Detalhes bibliográficos
Autor(a) principal: Wilke, Matheus Vernet Machado Bressan
Data de Publicação: 2023
Outros Autores: Oliveira, Bibiana Mello de, Starosta, Rodrigo Tzovenos, Shinawi, Marwan, Lu, Liang, He, Mai, Ma, Yamin, Stoll, Janis, Souza, Carolina Fischinger Moura de, Siqueira, Ana Cecilia Menezes de, Vieira, Sandra Maria Gonçalves, Cerski, Carlos Thadeu Schmidt, Refosco, Lilia Farret, Schwartz, Ida Vanessa Doederlein
Tipo de documento: Artigo
Idioma: eng
Título da fonte: Repositório Institucional da UFRGS
Texto Completo: http://hdl.handle.net/10183/267289
Resumo: Glycogen storage disease type IV (GSD IV) is an ultra-rare autosomal recessive disease caused by variants in the GBE1 gene, which encodes the glycogen branching enzyme (GBE).

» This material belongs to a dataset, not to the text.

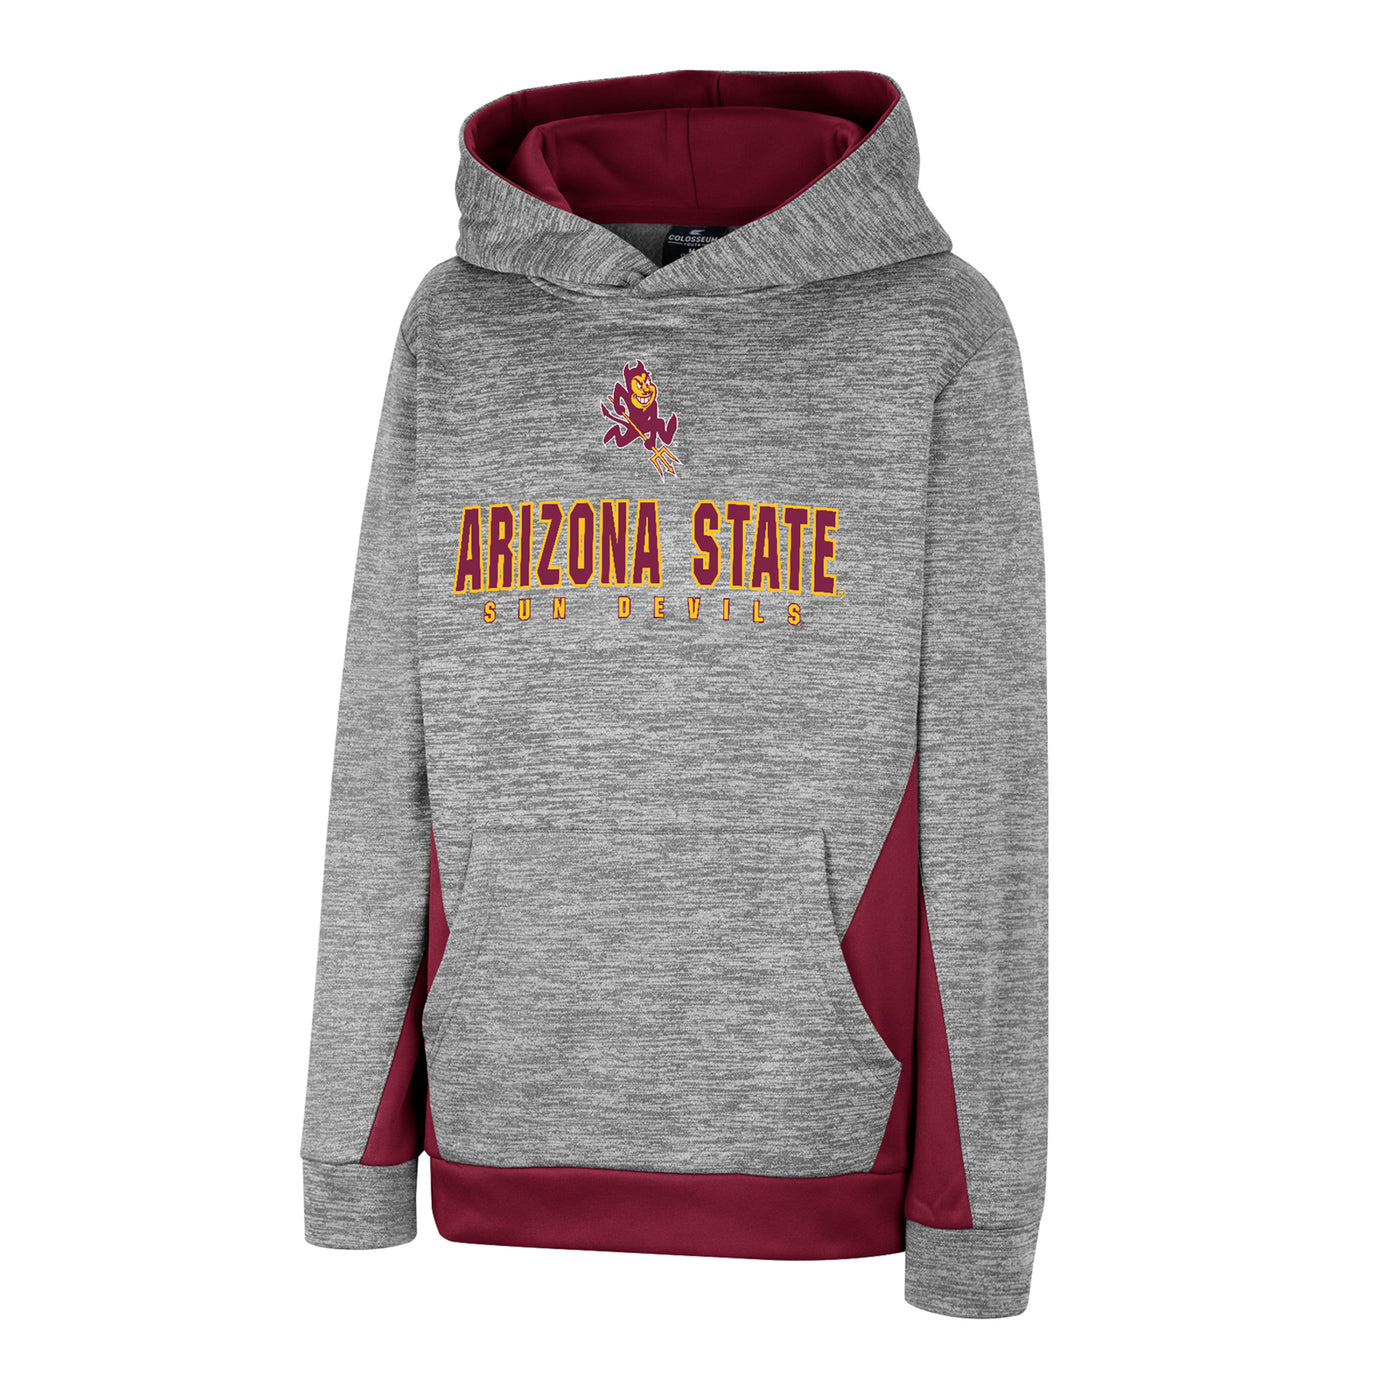 ASU youth hoody with heather gray body and maroon accents with 'Arizona State Sun Devils' lettering

GSD IV accounts for approximately 3% of all GSD. The phenotype of GSD IV ranges from neonatal death to mild adult-onset disease with variable hepatic, muscular, neurologic, dermatologic, and cardiac involvement. There is a paucity of literature and clinical and dietary management in GSD IV, and liver transplantation (LT) is described to correct the primary hepatic enzyme defect. Objectives: We herein describe five cases of patients with GSD IV with different ages of onset and outcomes as well as a novel GBE1 variant. Methods: This is a descriptive case series of patients receiving care for GSD IV at Reference Centers for Rare Diseases in Brazil and in the United States of America. Patients were selected based on confirmatory GBE1 genotypes performed after strong clinical suspicion. Results: Pt #1 is a Latin male with the chief complaints of hepatosplenomegaly, failure to thrive, and elevated liver enzymes starting at the age of 5 months. Before LT at the age of two, empirical treatment with corn starch (CS) and high protein therapy was performed with subjective improvement in his overall disposition and liver size. Pt #2 is a 30-month-old Afro-American descent patient with the chief complaints of failure to gain adequate weight, hypotonia, and hepatosplenomegaly at the age of 15 months. Treatment with CS was initiated without overall improvement of the symptoms. Pt #3.1 is a female Latin patient, sister to pt #3.2, with onset of symptoms at the age of 3 months with bloody diarrhea, abdominal distention, and splenomegaly. There was no attempt of treatment with CS. Pt #4 is an 8-year-old male patient of European descent who had his initial evaluation at 12 months, which was remarkable for hepatosplenomegaly, elevated ALT and AST levels, and a moderate dilatation of the left ventricle with normal systolic function that improved after LT. Pt #1, #3.2 and #4 presented with high levels of chitotriosidase. Pt #2 was found to have the novel variant c.826G > C p.(Ala276Pro). Conclusions: GSD IV is a rare disease with different ages of presentation and different cardiac phenotypes, which is associated with high levels of chitotriosidase. Attempts of dietary intervention with CS did not show a clear improvement in our case series.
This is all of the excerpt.